START DATASET CONTENT

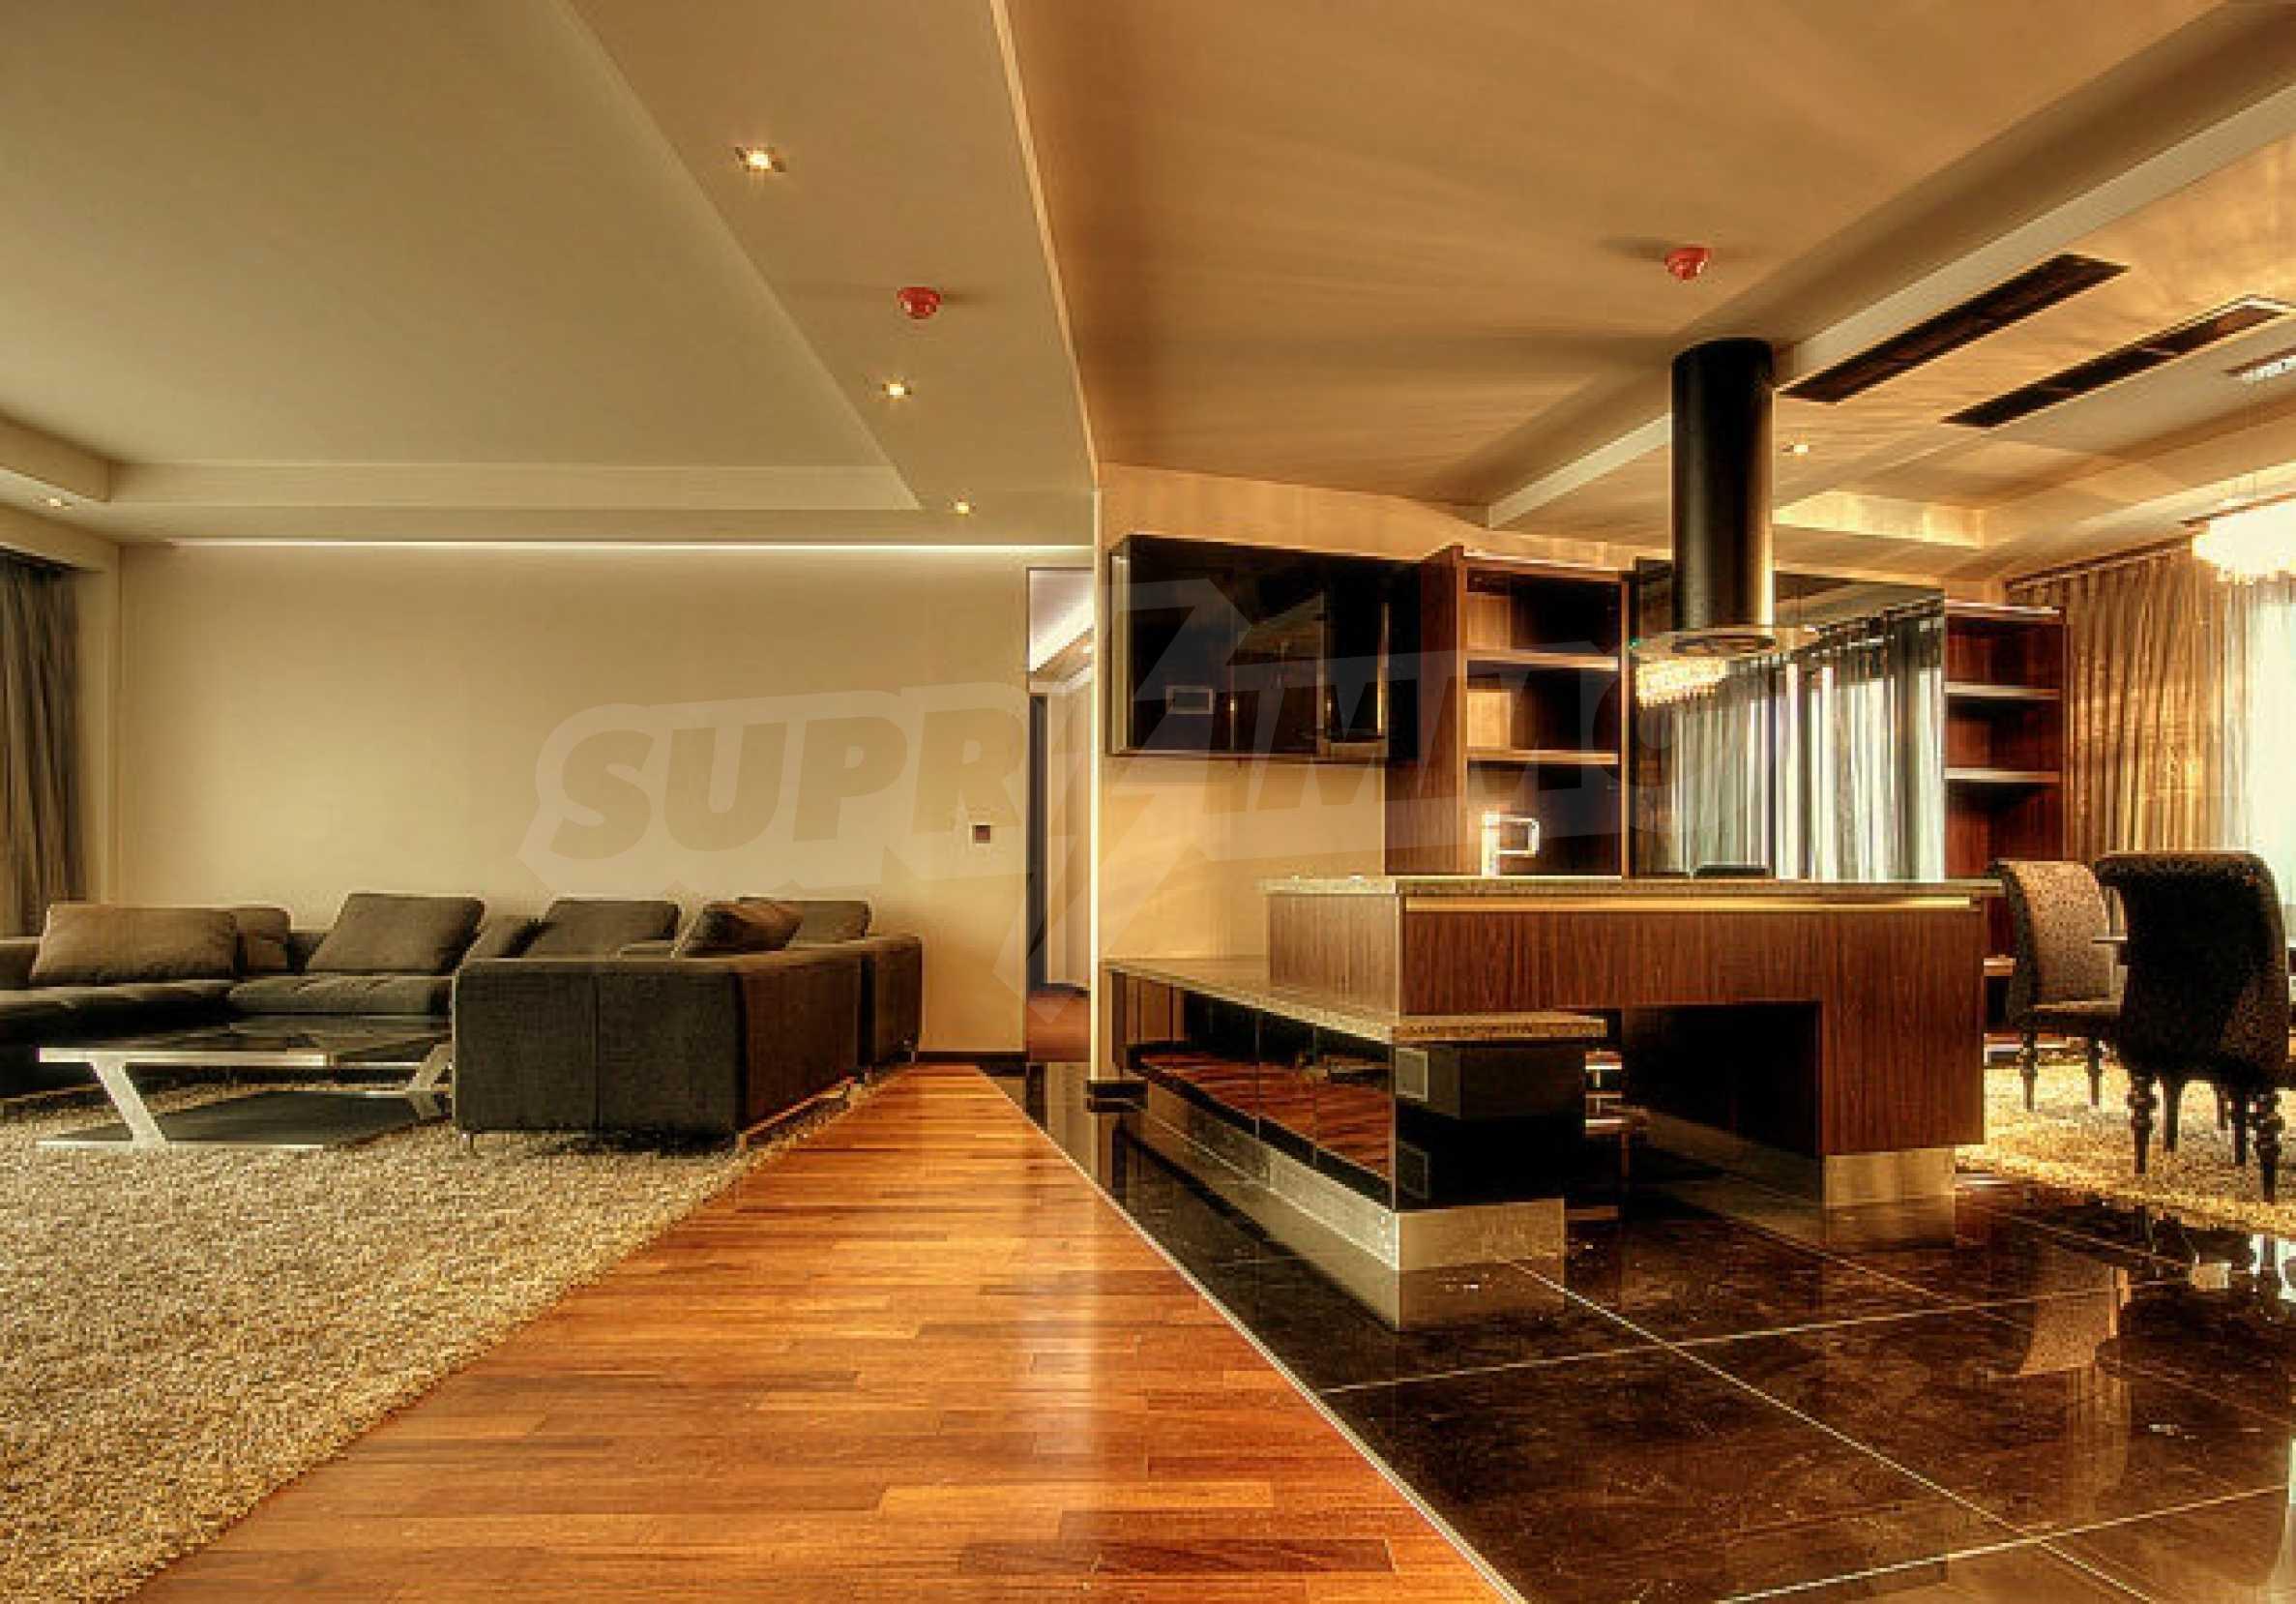 Abu Dhabi apartments 4
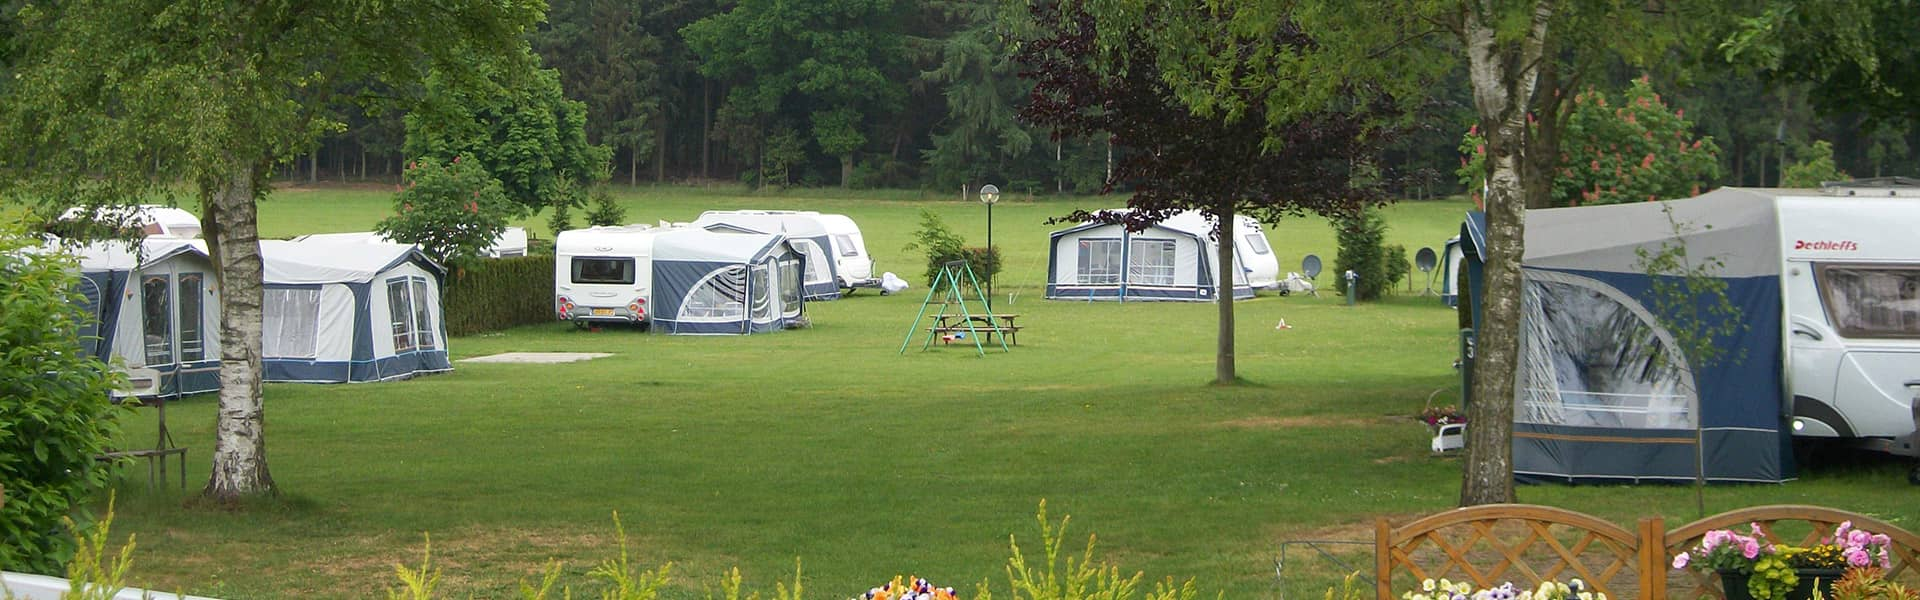 Home header 6 - camping de prinsenhoeve
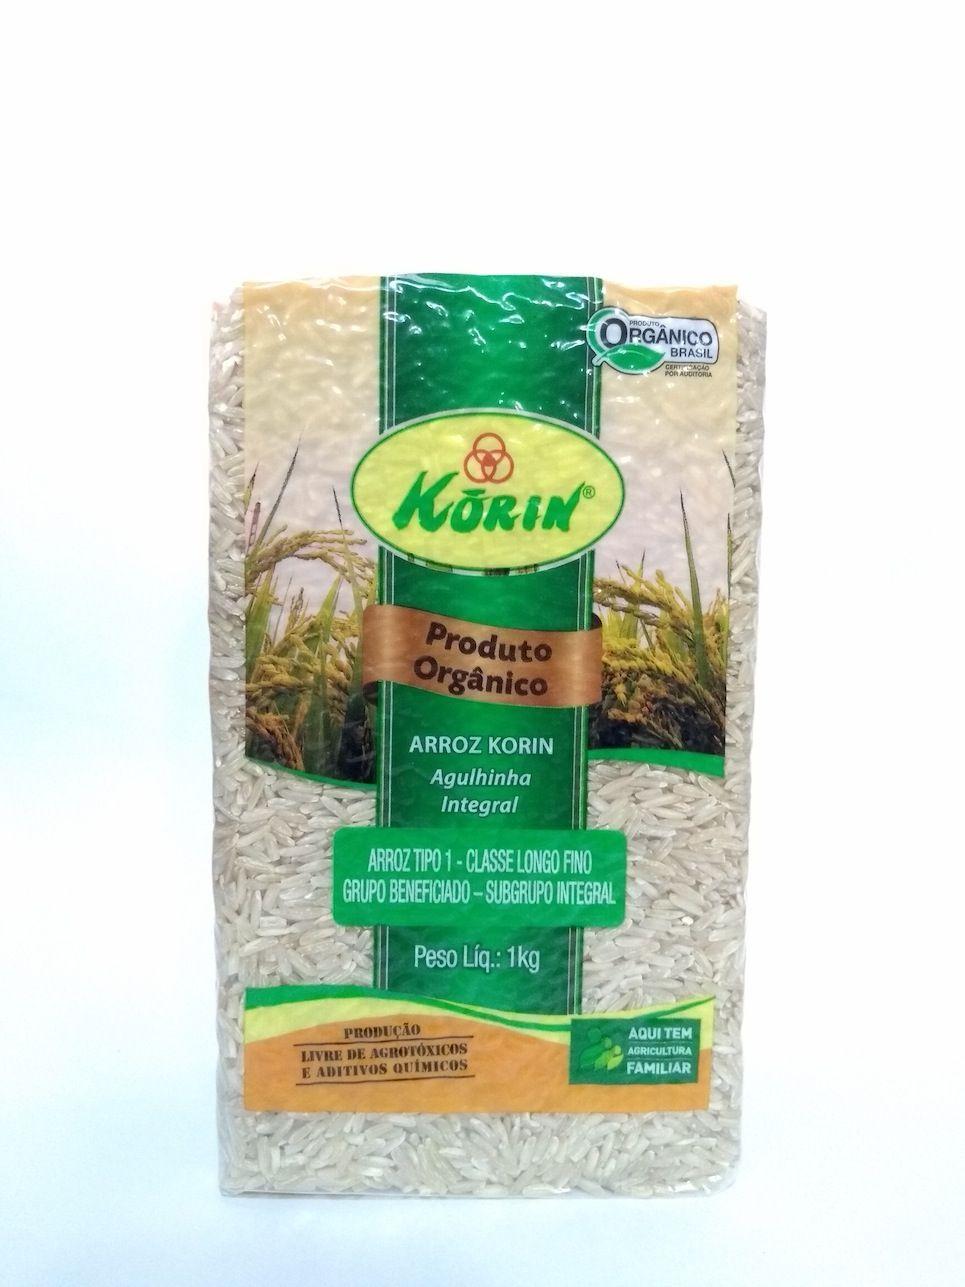 Arroz agulhinha integral orgânico, 1kg – Korin

END DATASET CONTENT

- [TASK DETAILS]
Everything in the listing, except its images, should be set down exactly.

- [OUTPUT OF THE TASK]
 Abu Dhabi apartments 4
 Home header 6 - camping de prinsenhoeve
 Arroz agulhinha integral orgânico, 1kg – Korin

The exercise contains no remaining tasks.